Occurrence climatology of the GPS L1-frequency scintillation (1998–2014) at Cachoeira Paulista for two threshold levels of the S4 amplitude scintillation index as function of universal time (UT = LT + 3 h) and the mean solar radio flux in 10.7 cm (F10.7 index). The upper and middle panels denote the nocturnal occurrence climatology for the levels of S4 > 0.2 and S4 > 0.5, respectively. The colored bar indicates the percentage of scintillation occurrence used in the plots. The monthly mean variation of the F10.7 cm solar flux is shown in the bottom panel to depict the changes in the solar cycles. [after Muella et al. [37]. Reproduced with permission of the Copernicus publications on behalf of the European geoscience union].

The climatology of the onset time of ionospheric scintillations near the southern crest of EIA over Brazilian territory, covering a period between solar cycles 23 and 24, showed that their start time is about 40 min earlier in the months of November and December when compared to January and February, suggesting an association with the ionospheric pre-reversal vertical drift (PRVD) magnitude and time [79].

An investigation of the equatorial scintillations over São Luis (2.33°S, 44.21°W, dip latitude 1.3°S) was done by Muella et al. [35] during different solar activity levels of the 23rd solar cycle (1999–2006). The study showed the scintillations occurred more frequently during the years of high solar activity, but strong scintillation variability was also observed during the descending phase of the solar cycle. The scintillations occurred predominantly during pre-midnight hours with a broad maximum in the summer. They observed a weak level of scintillations all over the year, however, during the winter months near the years of solar maximum, some stronger levels of scintillations were observed at comparable rate with the weak scintillations.

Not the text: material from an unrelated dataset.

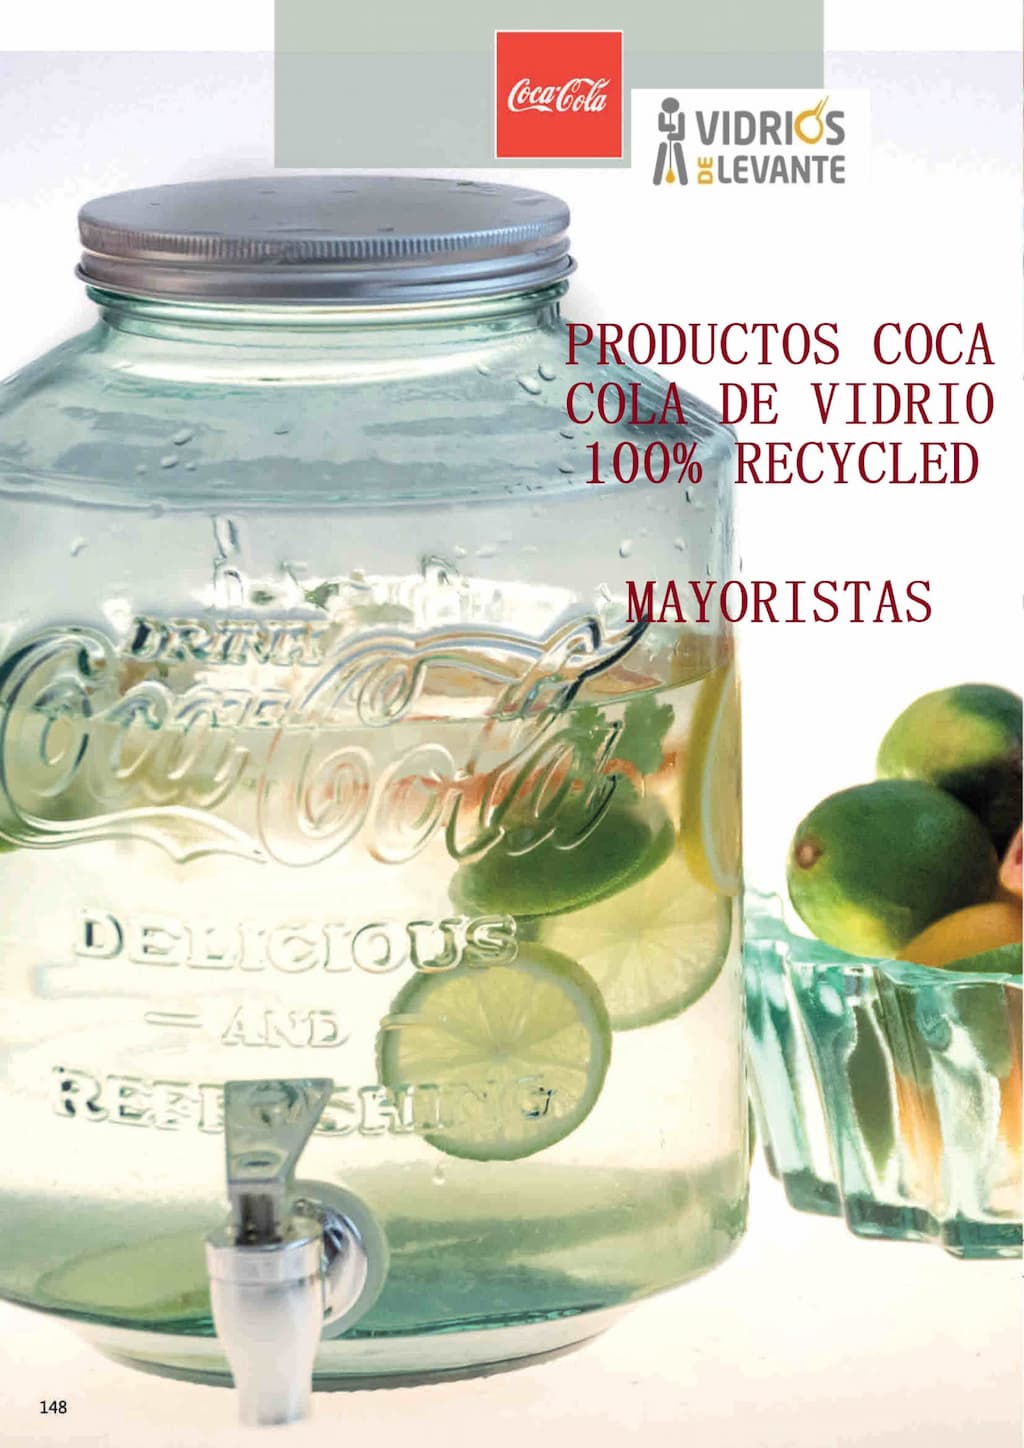 Catálogo Coca Cola vidrio reciclado

The ionospheric scintillations are driven by zonal drift of the irregularities, so the investigation of the spatial and temporal variations of the irregularities have been done in the last decades. The study of the zonal drift driven scintillations in the South American sector has shown that: a latitudinal gradient in the irregularity zonal velocities is associated with the vertical shear of the zonal drift in the topside equatorial ionosphere [80]; at two magnetic conjugate sites over Brazilian territory, the magnitude of the zonal velocities in the site inside the SAMA region was ~12% larger than in the conjugate one [81]; during nighttime, there is a strong correlation between neutral winds and scintillation drifts near magnetic equator [82]; the irregularity of the zonal drifts shows a negative gradient with increasing geomagnetic latitude [83]; and that the magnitude of the zonal velocities might be reduced at the inner regions of the EIA due to the latitudinal variation in the ion drag force [35]. The nighttime zonal drift velocities of the ionospheric irregularities increase in association with increasing EUV solar radiation [37, 84, 85], which can be produced by the fact that in years of higher solar activity, the thermospheric zonal wind velocities are higher enhancing the solar thermal tide [86].

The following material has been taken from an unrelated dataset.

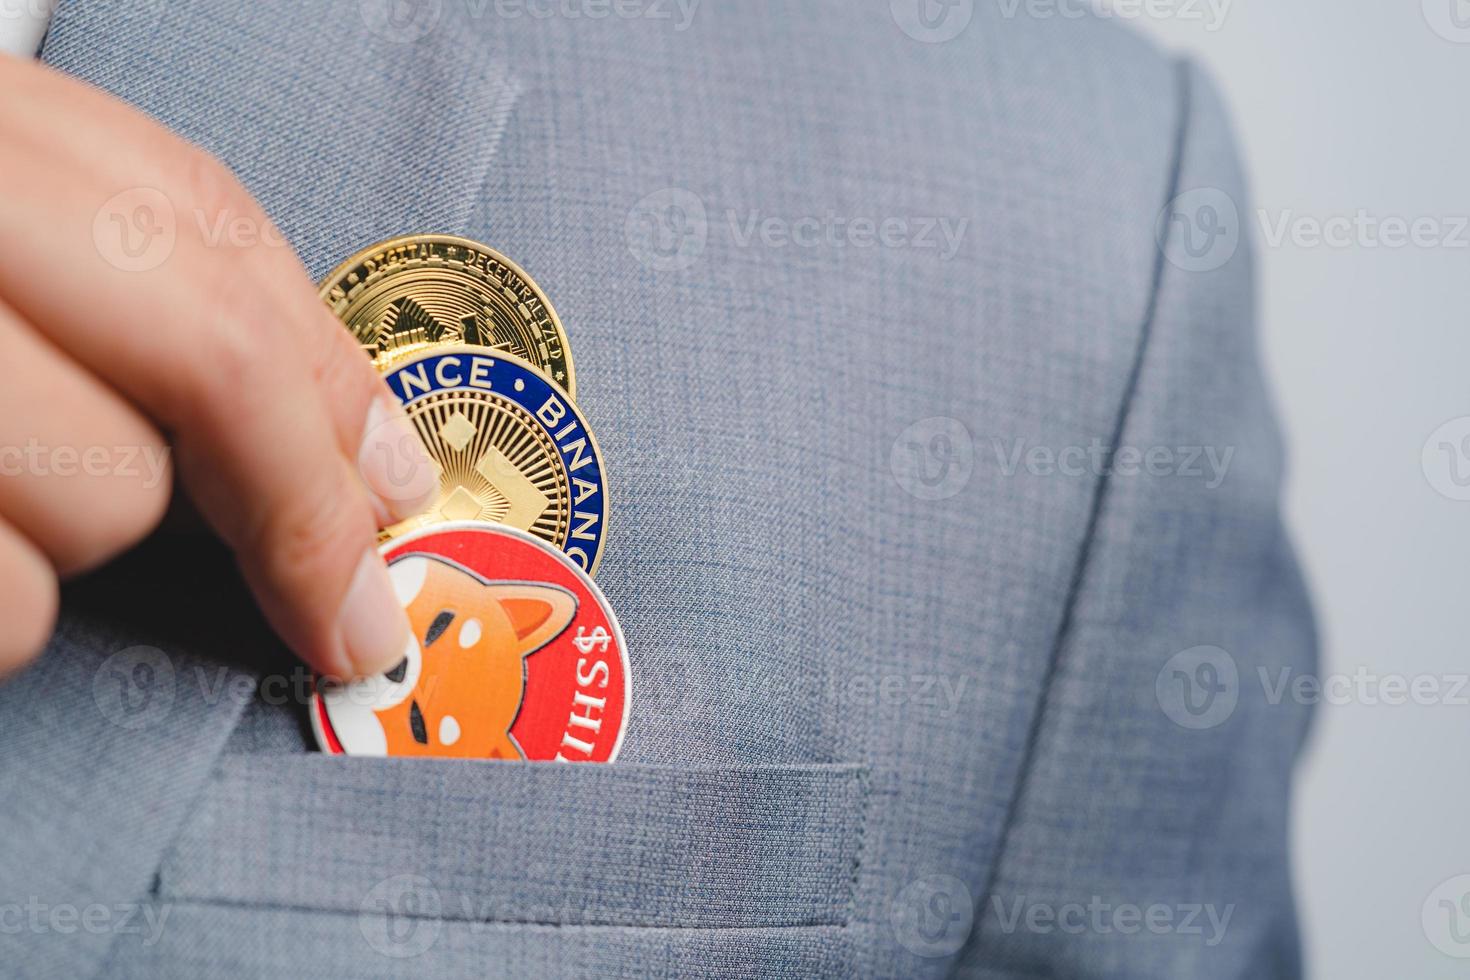 goldene bitcoin-münze shiba-münze, binance-münze bnb-gruppe enthalten mit handverlesener kryptowährung im anzug geschäftsmann mit blauem anzug. abgelegt und abgelegt und mir gegeben. Nahaufnahme und Makro. foto

3.2.2. Disturbed geomagnetic conditions

The ionospheric electrodynamics conditions depend on magnetosphere-ionosphere-thermosphere system, which can be strongly disturbed during geomagnetic storms. During geomagnetic storms, the magnetosphere is compressed inducing intense electric fields and increasing the magnetospheric convection. The strongest geomagnetic storms are mainly produced by the impact of solar wind disturbances associated with geoeffective solar coronal mass ejections (CMEs) and coronal hole solar high speed streams (HSS) on the magnetosphere, which results in a highly inhomogeneous ionosphere, producing steep electron density gradients and irregularities. The ionospheric electron density distribution changes as a function of the solar wind input energy in the high latitude upper atmosphere, which occurs during the main phase of the geomagnetic storms [69].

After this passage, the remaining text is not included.